▶ [DATA PROVIDED]:
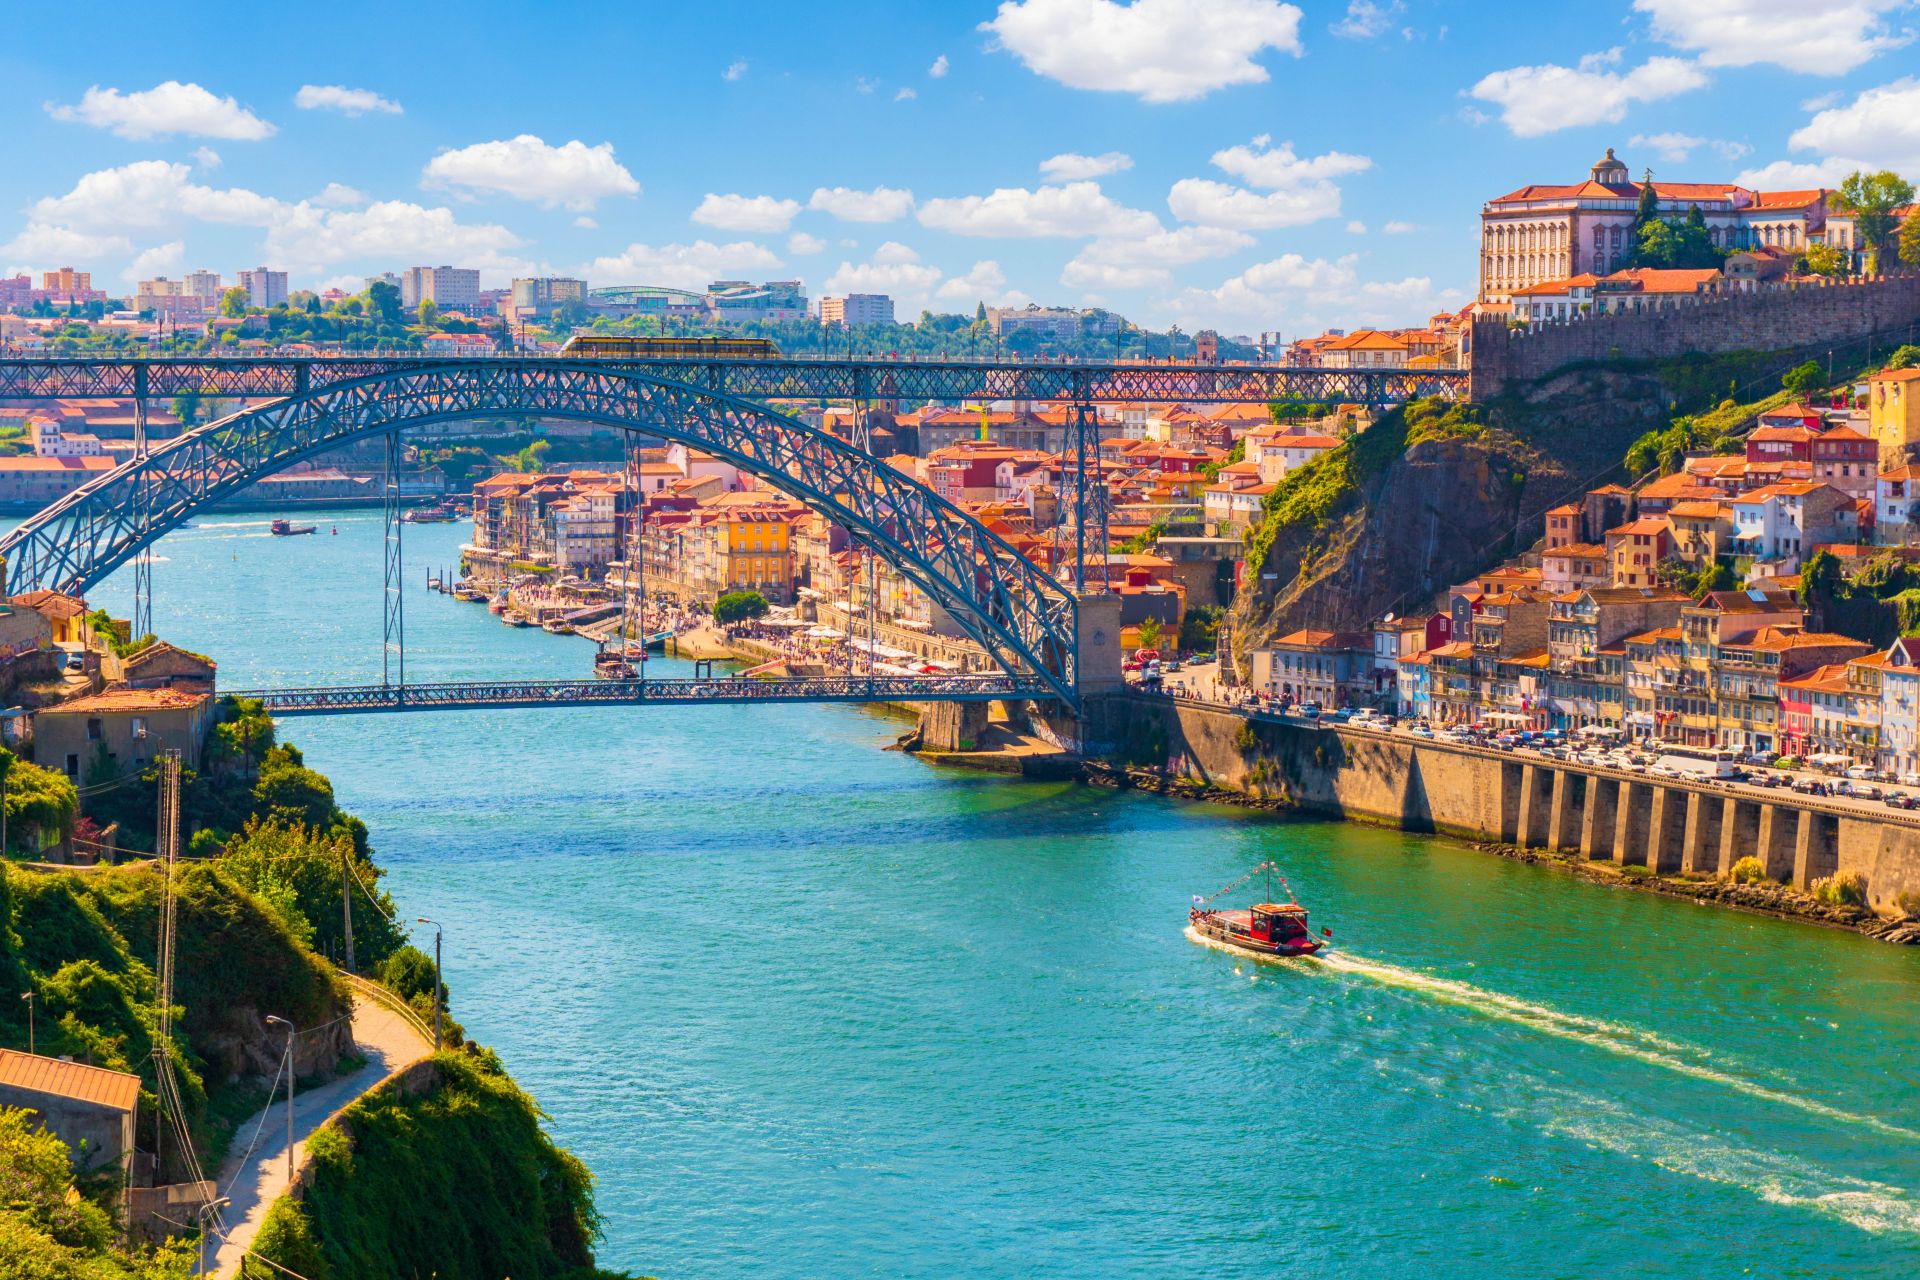 Vista del casco antiguo de Porto, Portugal con el puente Ponte Dom Luis sobre el río Douro.
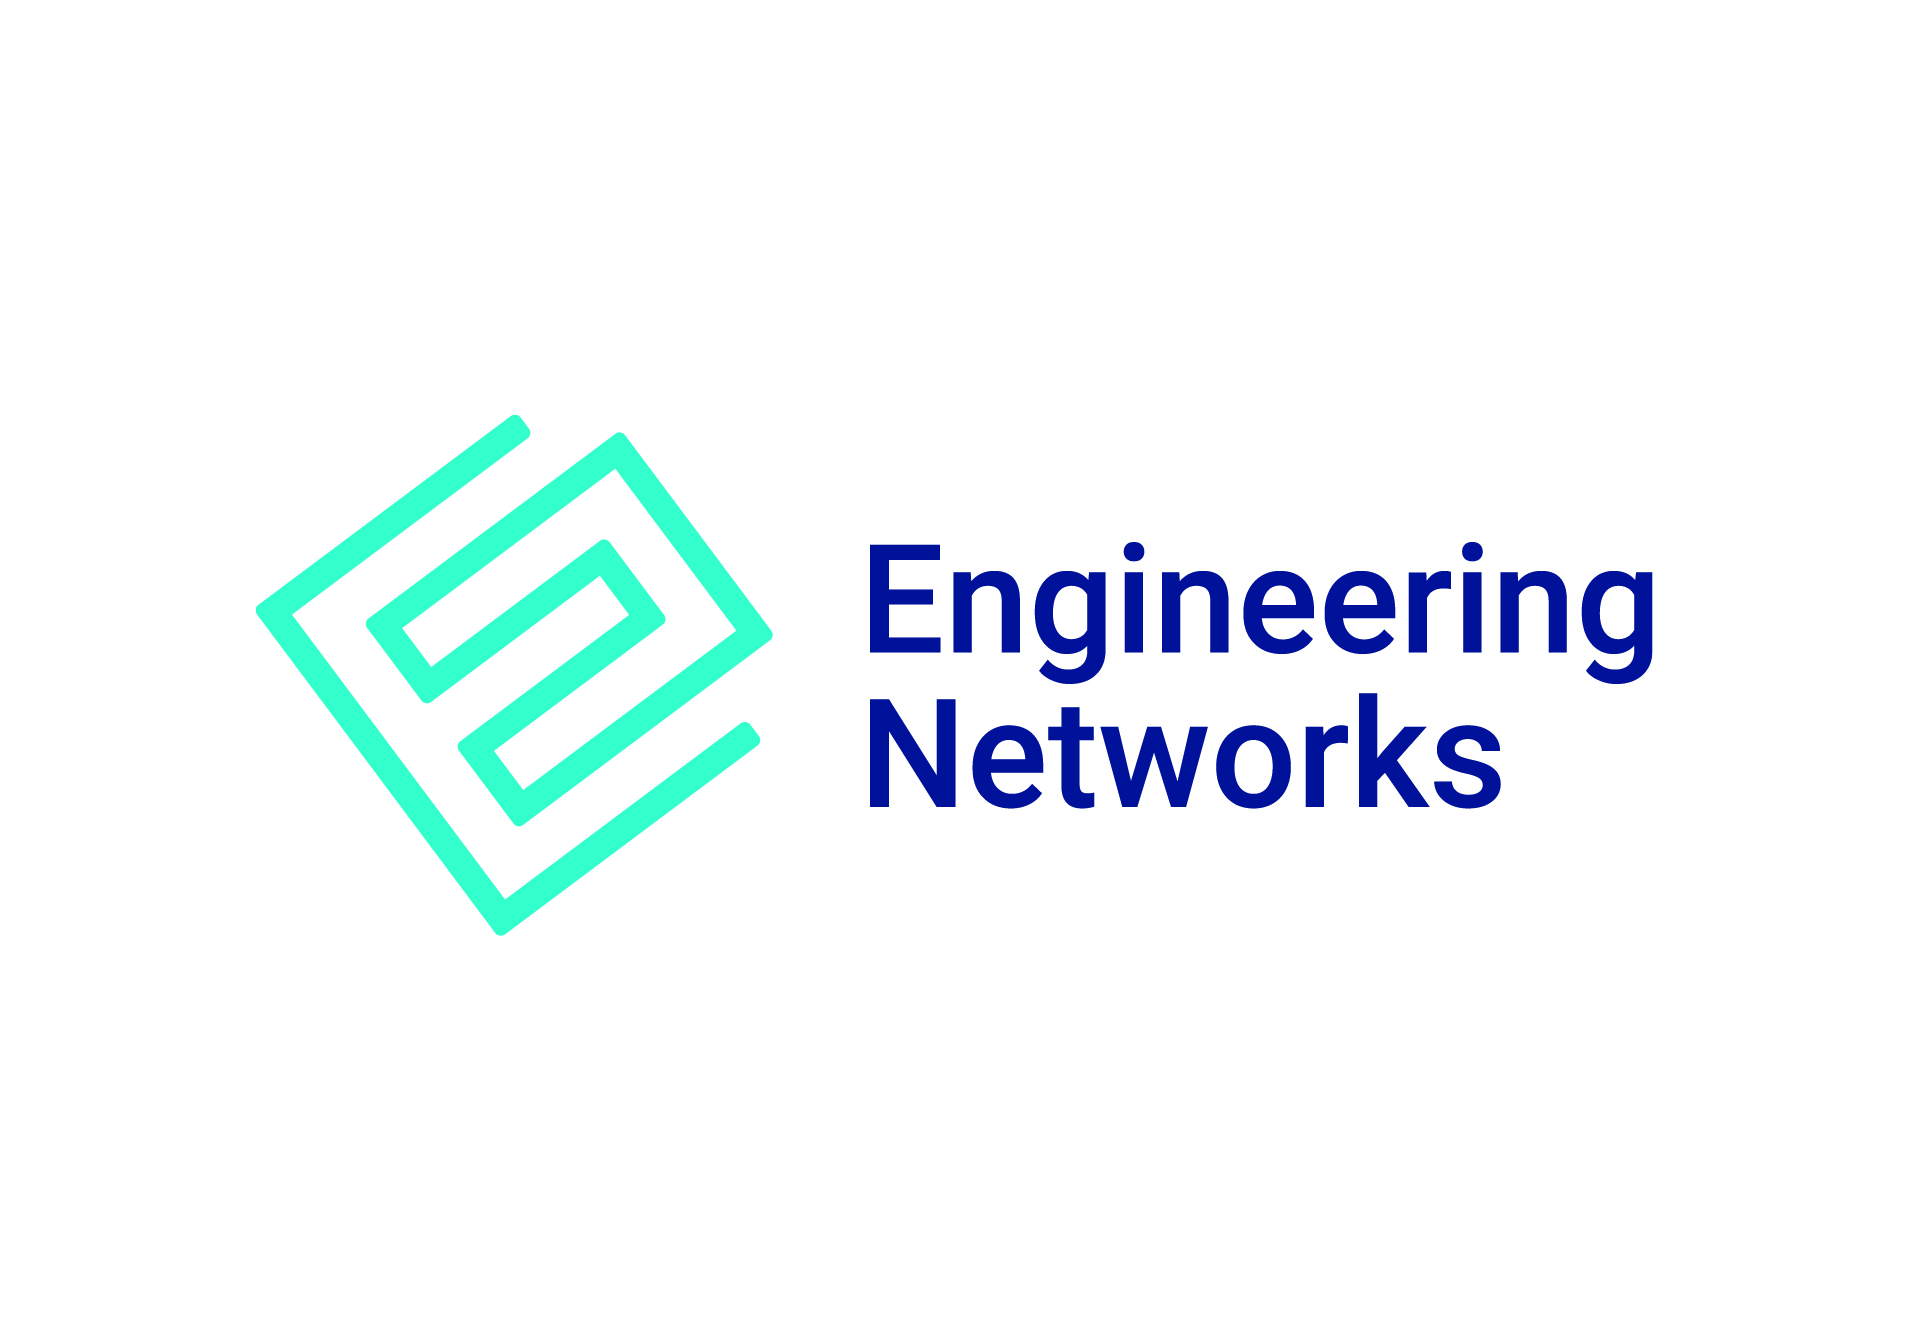 Engineering Networks
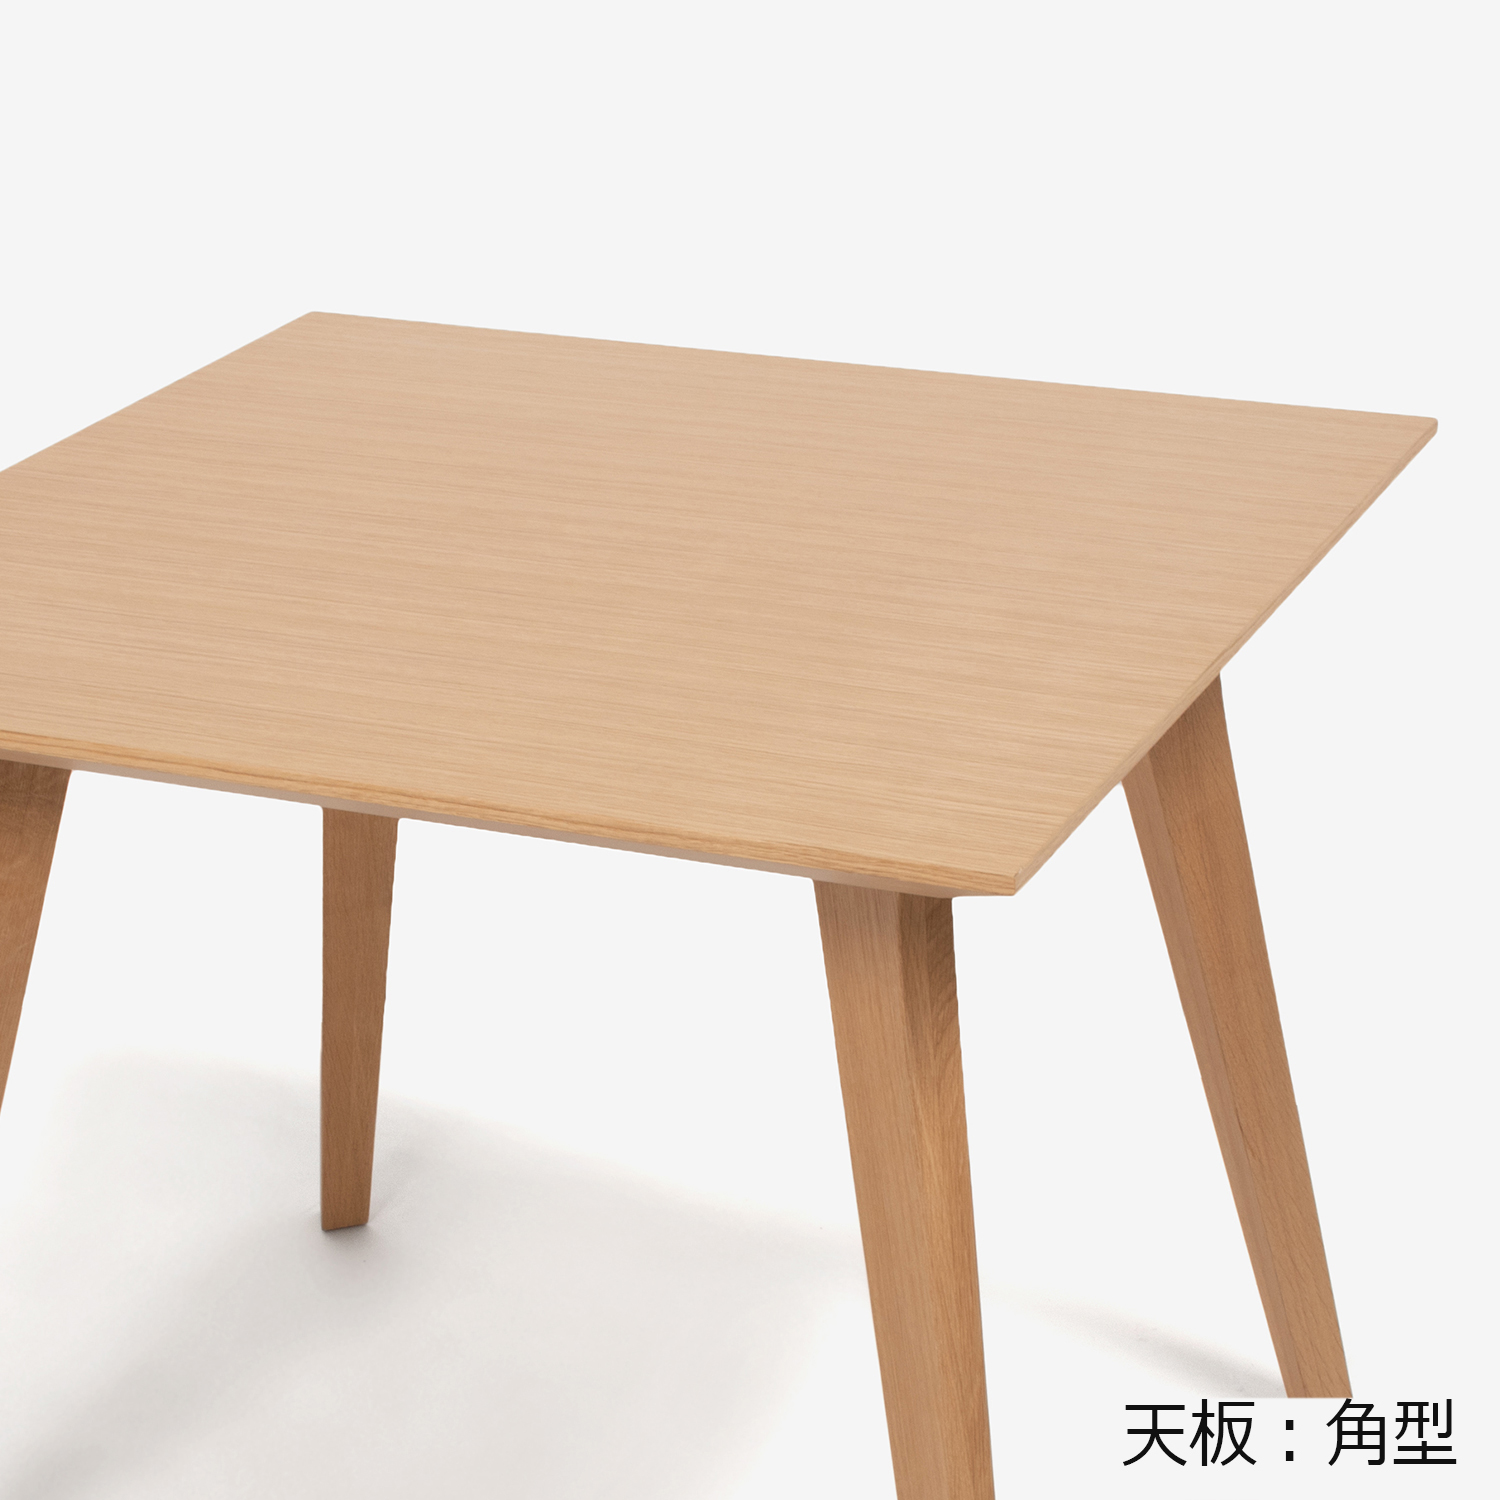 ダイニングテーブル「ジャスト」幅85cm オーク材ホワイトオーク色 角脚【決算セールのため30%OFF】
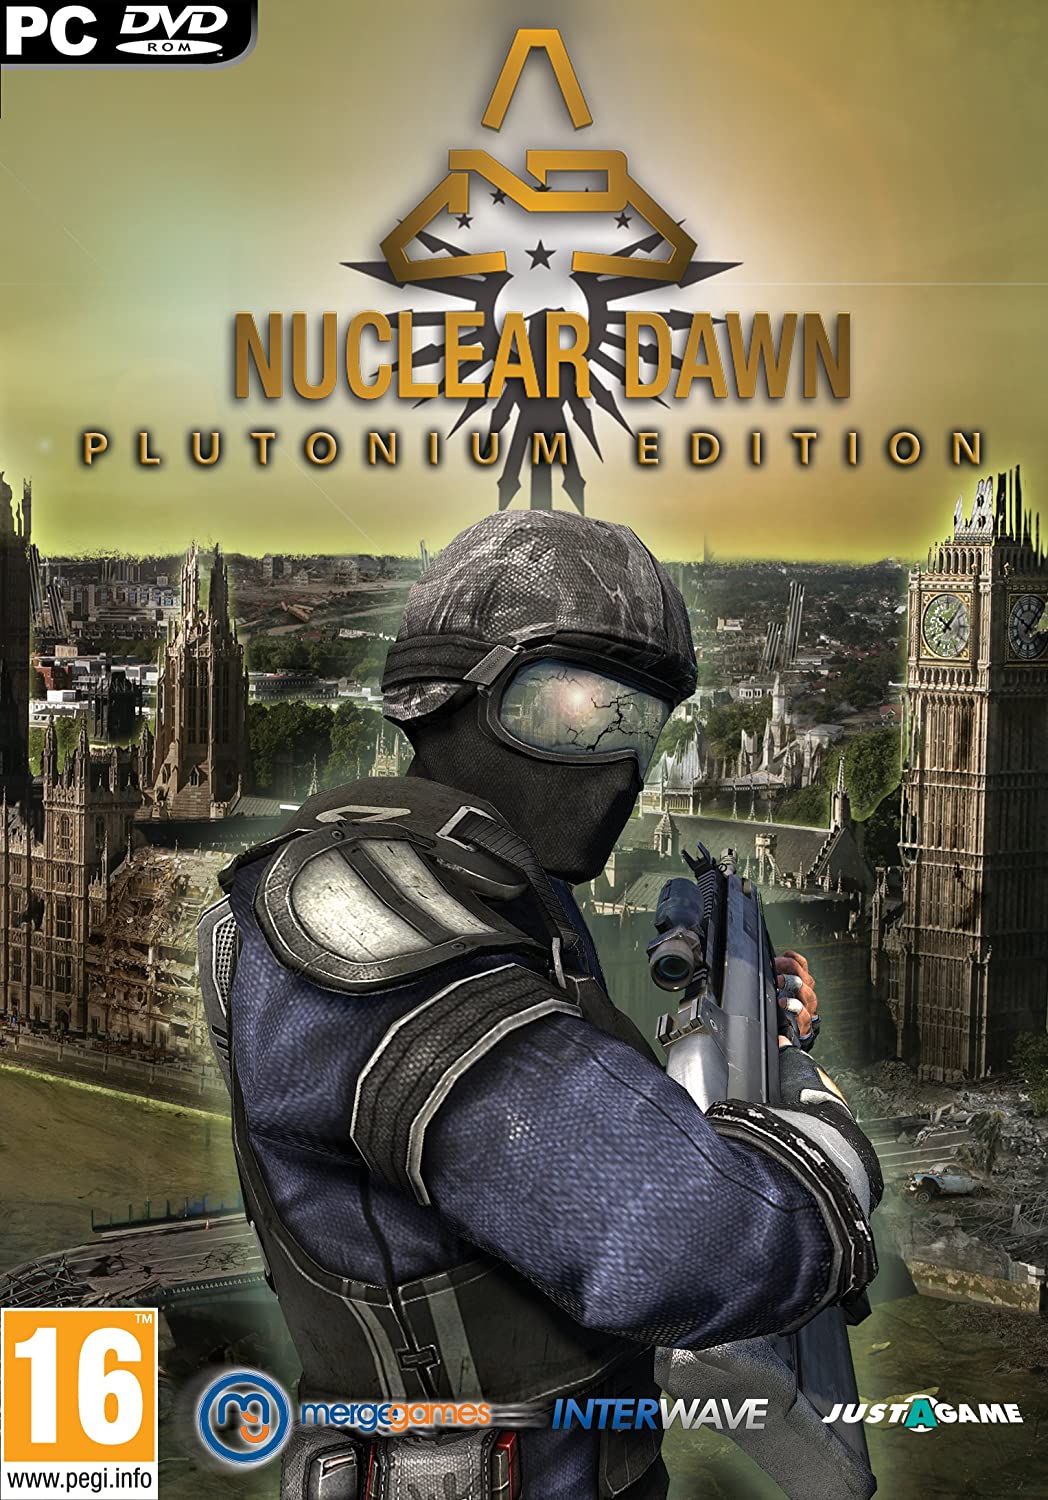 Nuclear Dawn: Plutonium Edition (PC DVD)

▶ [TO DO]:
Retype all of the material above precisely as it reads. Pictures are not part of the copy.

▶ [RESPONSE]:
 Vista del casco antiguo de Porto, Portugal con el puente Ponte Dom Luis sobre el río Douro.
 Engineering Networks
 ダイニングテーブル「ジャスト」幅85cm オーク材ホワイトオーク色 角脚【決算セールのため30%OFF】
 Nuclear Dawn: Plutonium Edition (PC DVD)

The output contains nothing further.